What I would like a change in the diagnosis to accomplish is for it to better represent my child. I'd like to be able to he has x diagnosis and for there to be an automatic understanding of how his needs either present to other people or how they impact him similar to how saying autism prior to the mixing of dx did.
This might have been a nice perk of the old split system that you were able to take advantage of, but it's not one that diagnosis always does, or necessarily should, confer. I can see why you're frustrated to have lost such a useful shorthand, but it's not a convenience someone is automatically entitled to when they get a diagnosis of something. Lots of diagnoses cover a vast range of severity from barely-noticeable to completely incapacitating. Lots of diagnoses cover wildly varying presentations with completely different symptoms. ASD is no different.
Just to say my answer above was mainly in response to "confusion will ensue, and individuals will find that neither diagnosis really suits" as people are already confused and the diagnosis now doesn't suit children like my son. I guess it isn't perceived as the serious disability it is because many with the dx aren't as impacted or if they are it's dye to mental health issues.
Many parents have to give a short explanation of their child's particular difficulties and needs and can't expect a single word to do the job. The broad ASD diagnosis suits your child, just as the broad diagnosis of asthma suits the child with life-threatening brittle asthma. I'm sure it's frustrating for that parent of a severely asthmatic child if people think of asthma as just getting a bit wheezy sometimes, but that doesn't mean mild asthma isn't asthma, and I never see asthma parents campaigning for mild asthmatics to be split off into a separate category with another name. (I know I'll now likely get a response delineating all the ways asthma is different from ASD, which is really not the point, and ignoring everything else I've said, but such is MN.) When I talk about neither diagnosis suiting, I don't mean people who don't like that their diagnosis also covers other people who are different, I mean people who straddle the categories, and with autism you'd likely get that problem again if you re-split it.

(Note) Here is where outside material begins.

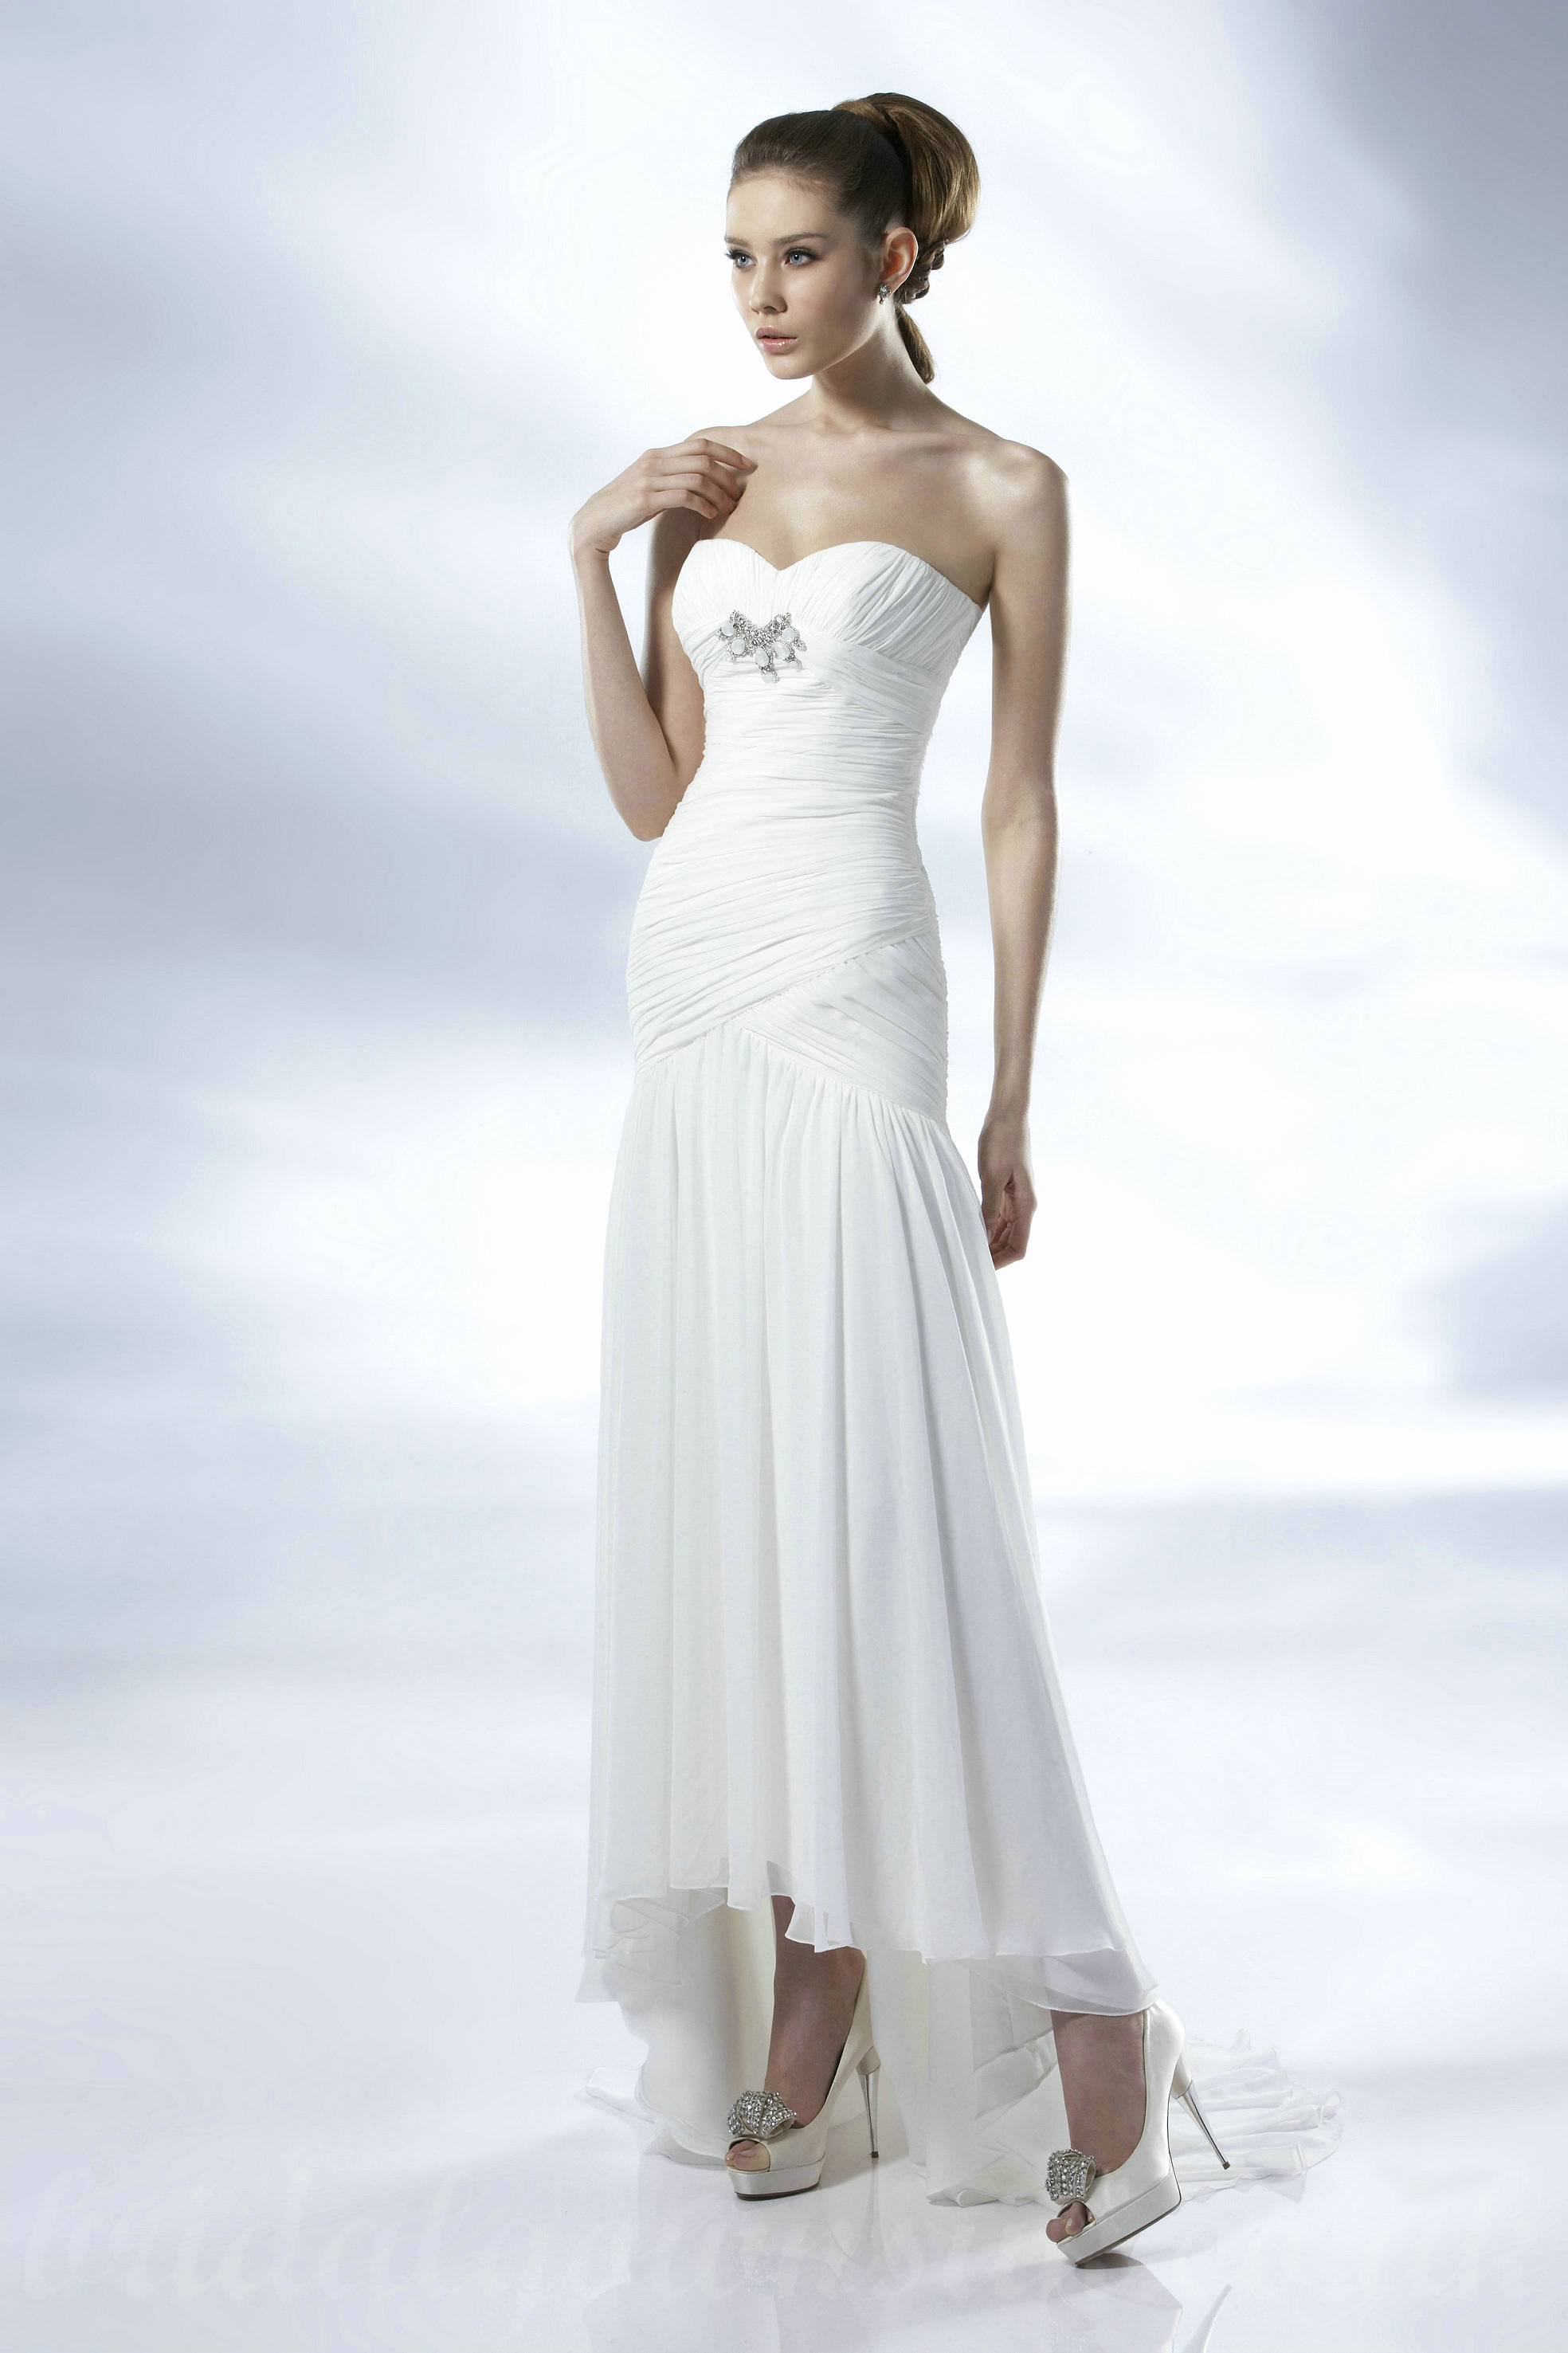 renting wedding dresses nyc photo - 1

Being able to quickly communicate about an individual is one of the purposes of a diagnosis, but it's not the only one, so it can't be the sole consideration. You could campaign for a split back into completely separate diagnoses depending on severity, on the basis that for some people, it would sometimes be a little more convenient, but your preference would have to be weighed against the medical, scientific and practical reasons that the categories were merged in the first place, the impact on all the millions of other people who have or would merit an ASD diagnosis, on science and research, on public confusion, on the logical consistency of the categorisation, and so on. IMO the current state of knowledge on ASD doesn't allow us to cleanly divide ASD the way you would like.

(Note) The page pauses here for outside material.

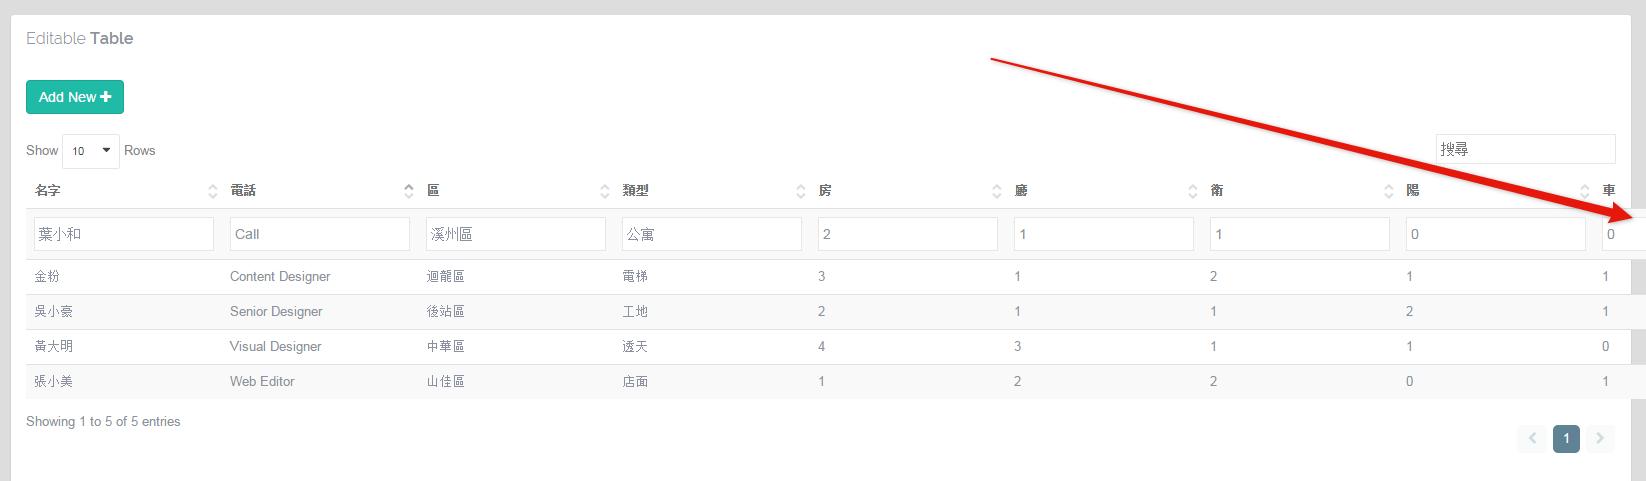 BOOTSTRAP 4 DATEPICKER W3SCHOOLS - Cdnjs Bootstrap Min Js

However, I would like to see an end to people jumping down the throats of those who try to find language to accurately communicate what the autistic people they care for have difficulty with. If people are made to feel they're not "allowed" to describe their child as having "severe" or "profound" autism, or to refer to them as non-verbal or low-functioning or having challenging behaviour, are not told any suitable or useful terminology they can use, and are simply told that all autistic people are autistic and that "mild describes how you experience my autism", then it must be tempting to wish you could go back to just being able to say "autistic" and it mean "like my kid".